● **Problem statement**:
Below are entries with pictures among them; reproduce exactly, and only, the lines from the one containing "Urbas Fuenlabrada - Real" down to the one containing "Ryan Adams veröffentlicht ein Live-Album", without the pictures.

● **Dataset extract**:
------
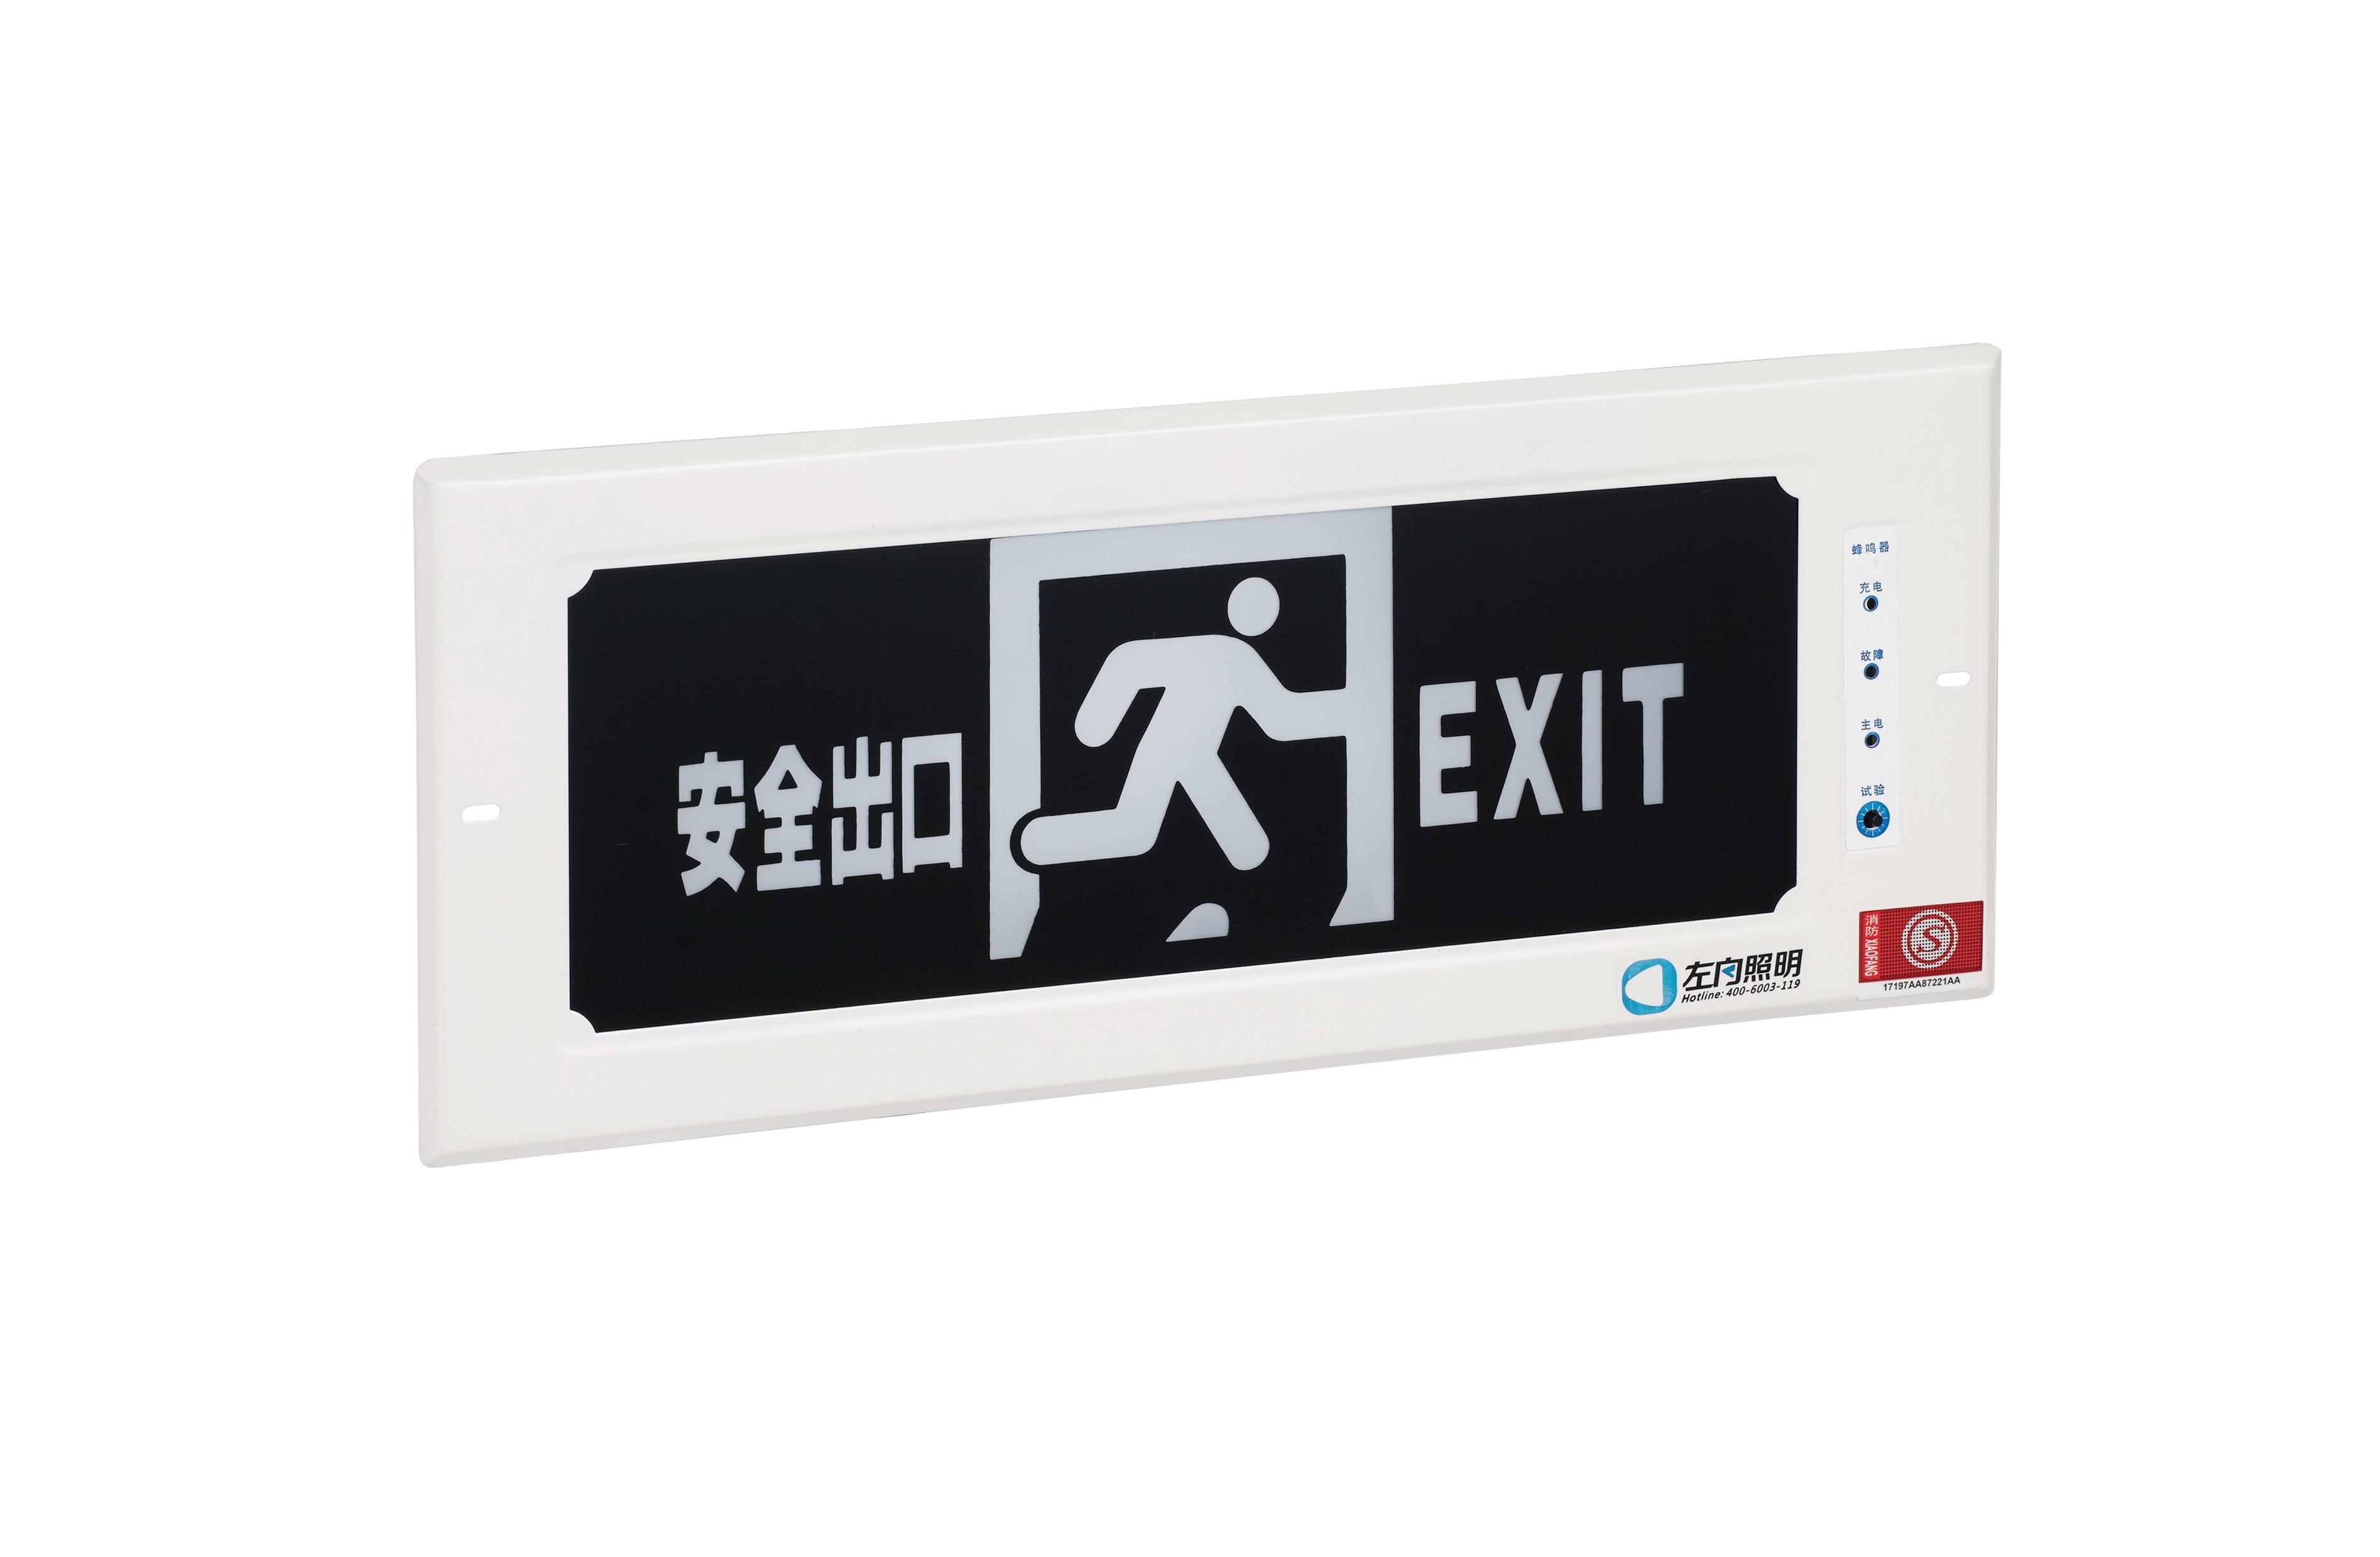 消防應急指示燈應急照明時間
------
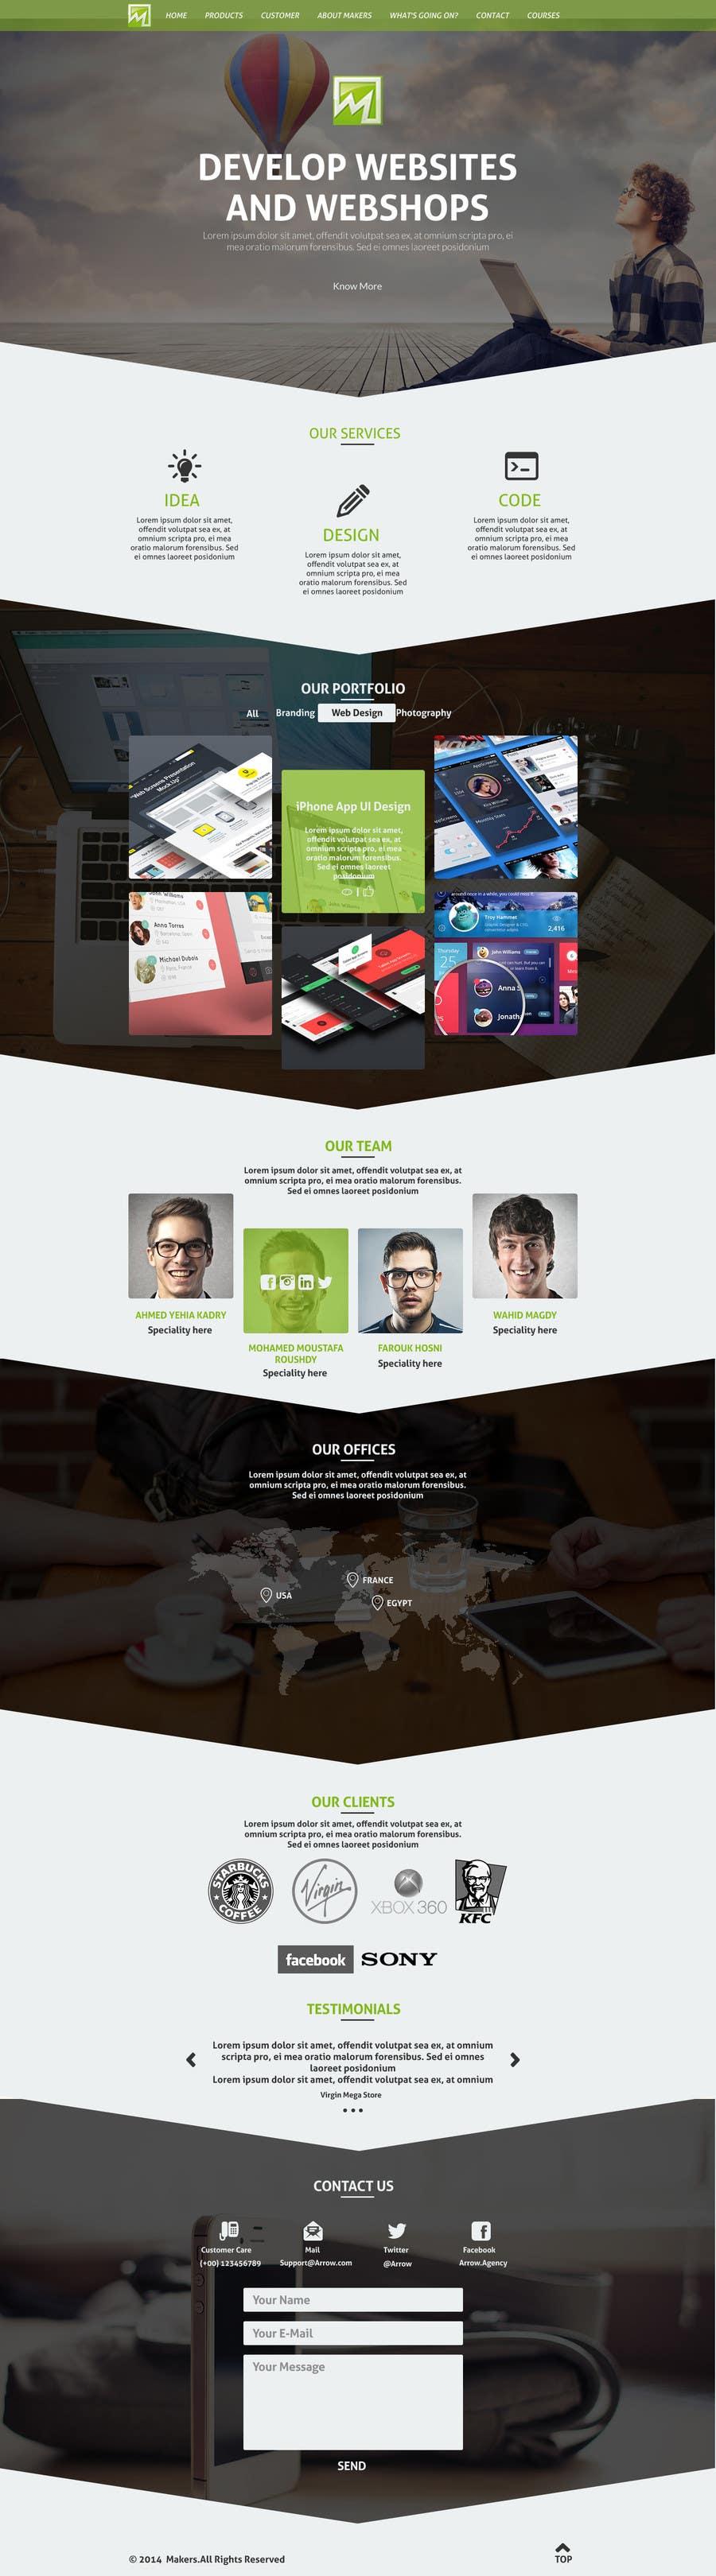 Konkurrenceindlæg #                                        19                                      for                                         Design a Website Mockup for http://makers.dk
------
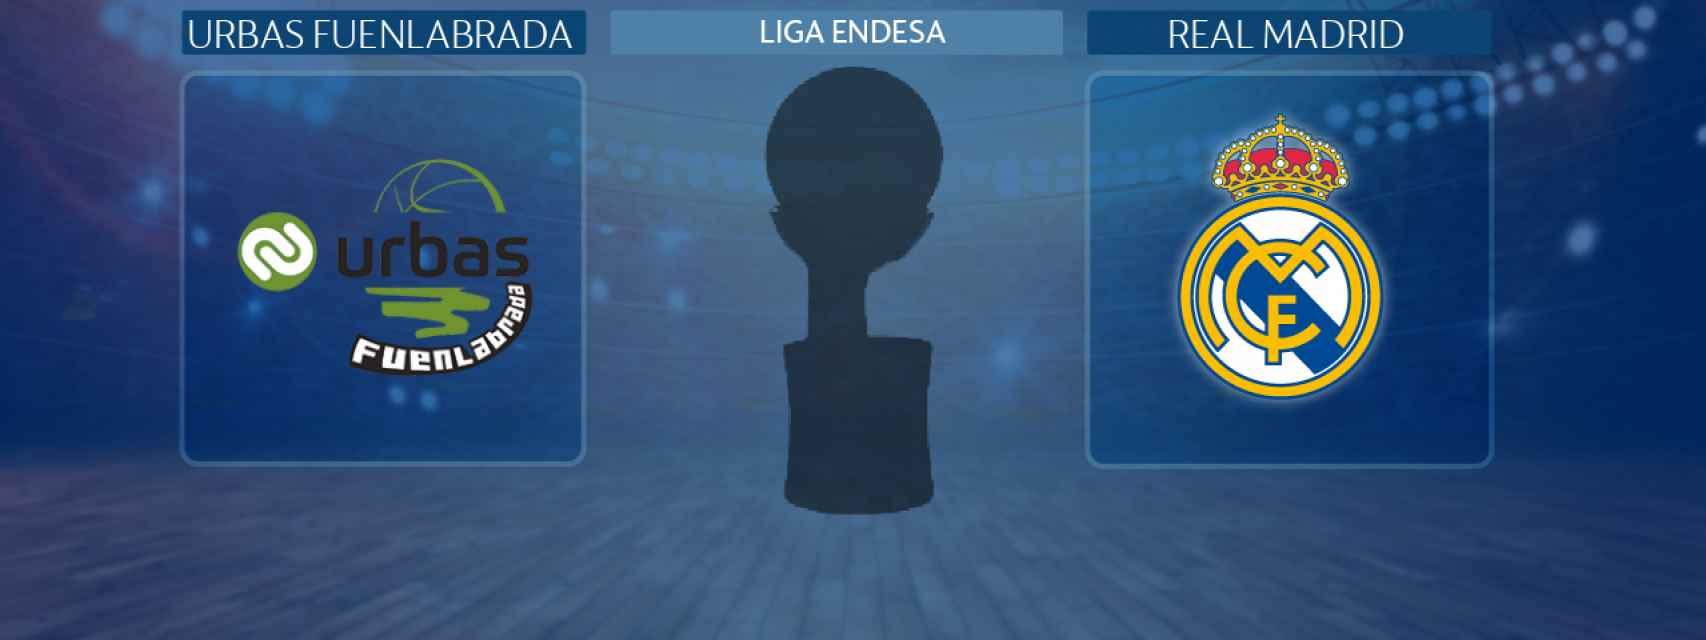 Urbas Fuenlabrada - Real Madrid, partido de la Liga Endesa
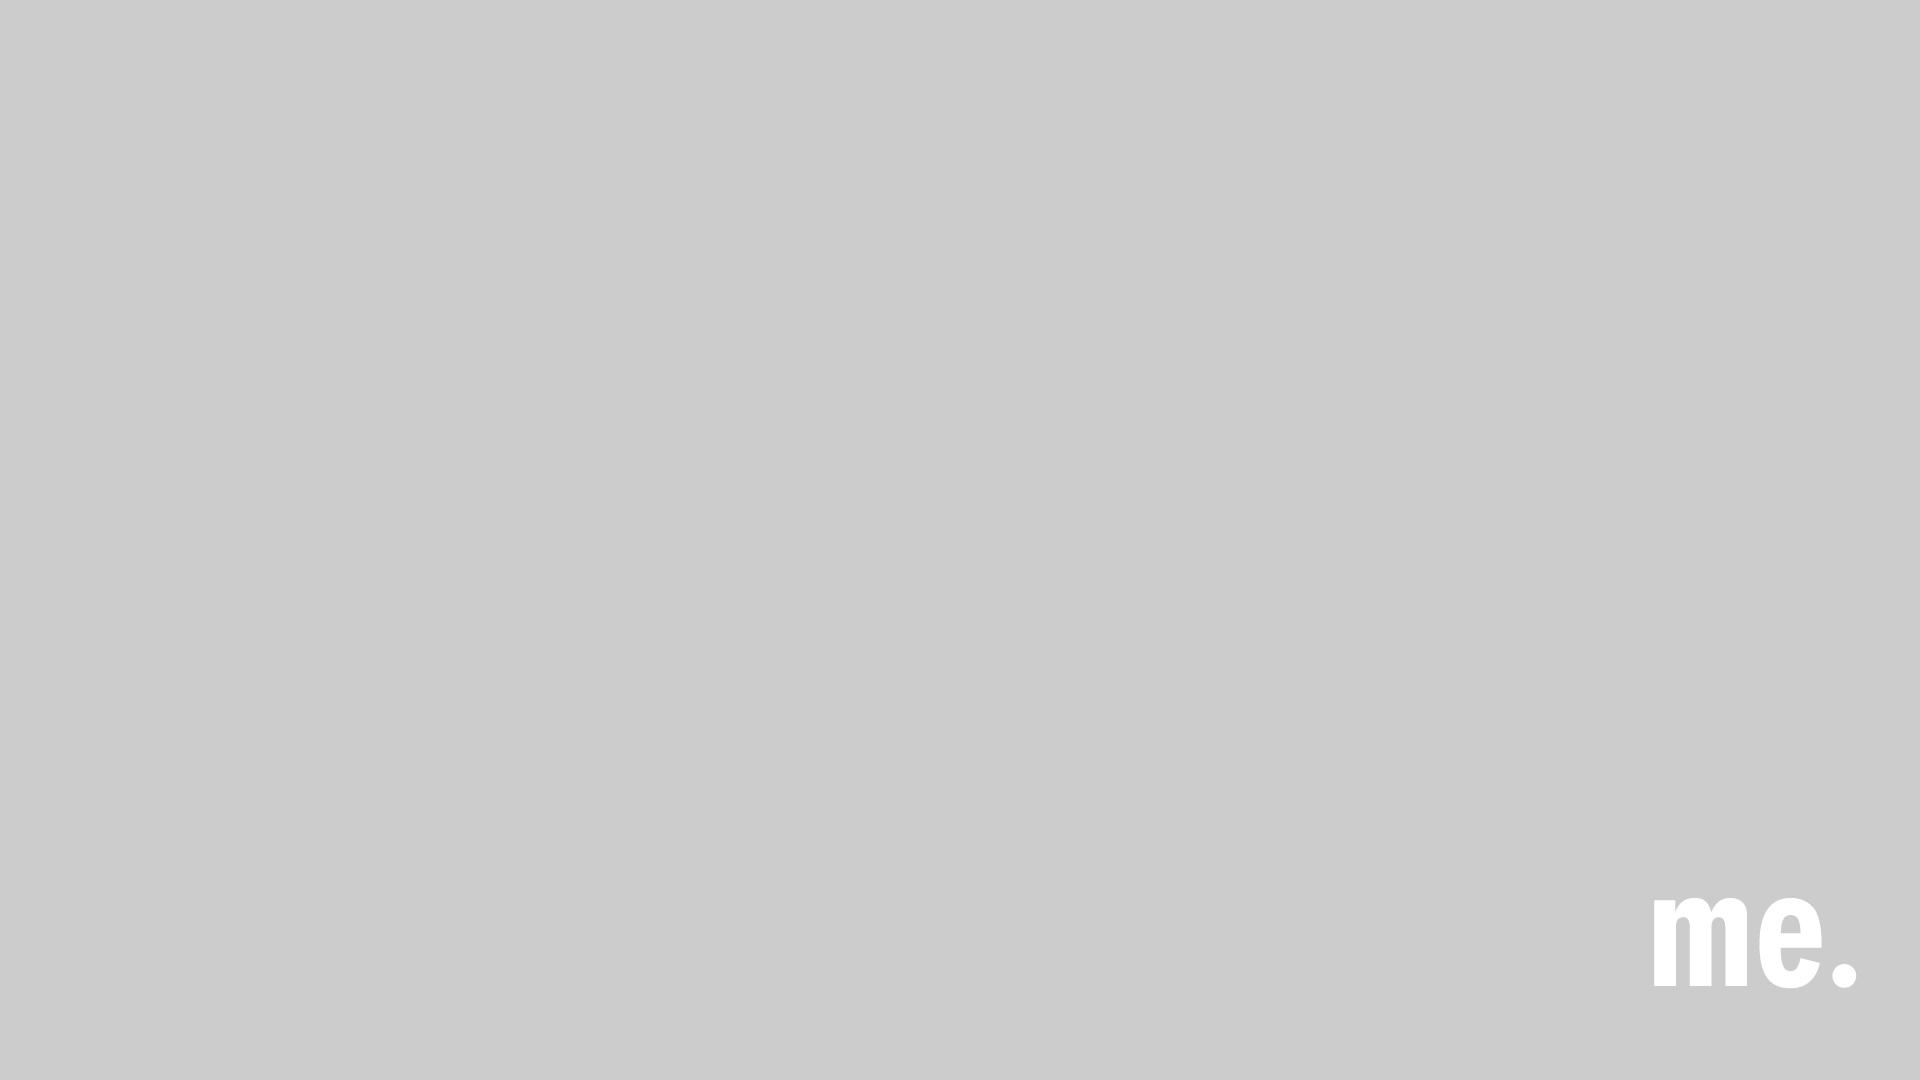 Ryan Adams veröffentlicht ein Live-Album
------
● **Completed exercise**:
 Urbas Fuenlabrada - Real Madrid, partido de la Liga Endesa
 Ryan Adams veröffentlicht ein Live-Album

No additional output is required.